Court of Appeals of Washington, Division 1

February 12, 2018


          SPEARMAN, J.

         Eric Mason hid a video camera in the bathroom he shared with his stepsister and her husband. Over the course of a few months he filmed his stepsister on one occasion and her husband on three occasions. Once the filming did not capture anyone. A jury convicted Mason of four counts of voyeurism and one count of attempted voyeurism. On appeal, he claims that his multiple convictions for the same victim violated his double jeopardy rights, and that there was insufficient evidence that he filmed for the purpose of sexual gratification. He also argues that the prosecutor engaged in misconduct, that his counsel was ineffective, and that several of his conditions of community custody are unlawful. We agree with Mason's challenges to the conditions of community custody, but conclude that his other claims lack merit. We affirm his conviction, but remand for the trial court to strike, and/or amend the unlawful community custody conditions.


         In the early morning hours of November 28, 2015, Jack Keend used the bathroom that he shared with his wife, Hannah, and her stepbrother, Eric Mason.

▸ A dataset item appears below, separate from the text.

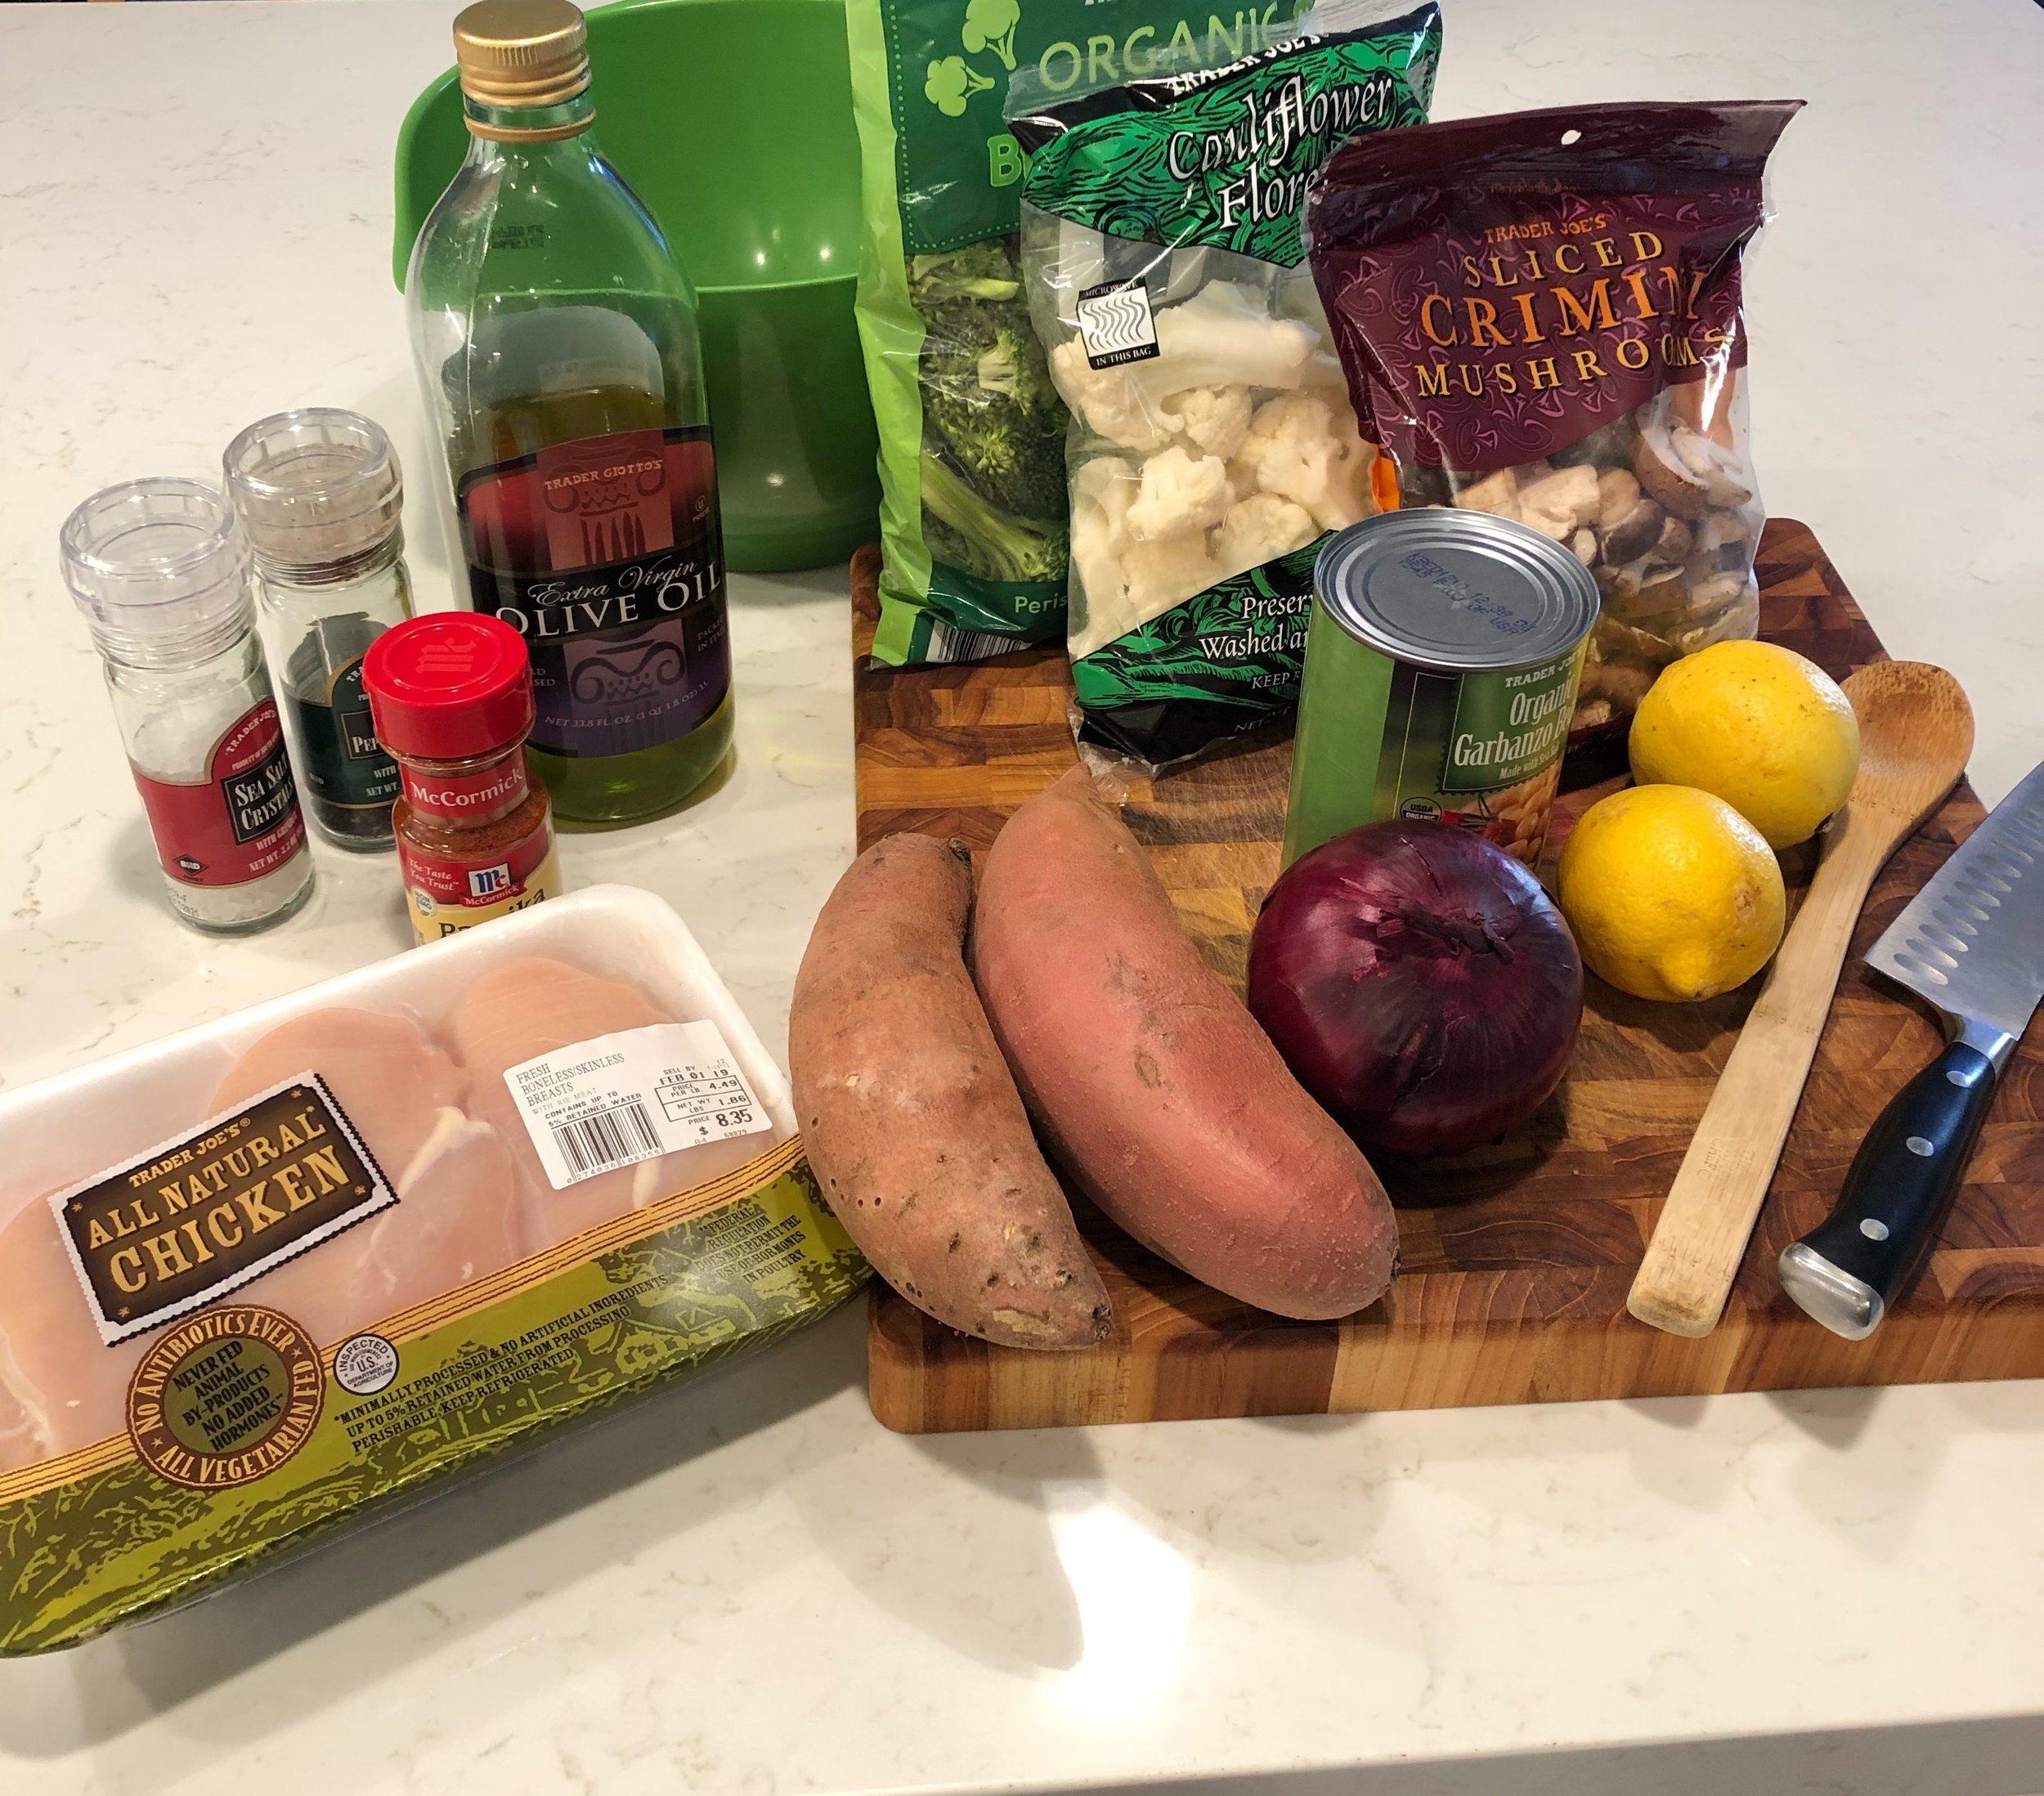 Ingredients for Shem's One Sheet Pan Dinner

He noticed a camera inside a wicker decoration on top of the toilet. Jack removed the camera and brought it to his father in law, Doug Peterson. They confronted Mason, who denied responsibility. Jack and Doug turned the camera on and watched video of Mason setting it up. Doug called the police. An officer came to the house and arrested Mason. In reference to the camera, Mason said to the officer, "[t]here's nothing on there." Verbatim Report of Proceedings (VRP) at 132.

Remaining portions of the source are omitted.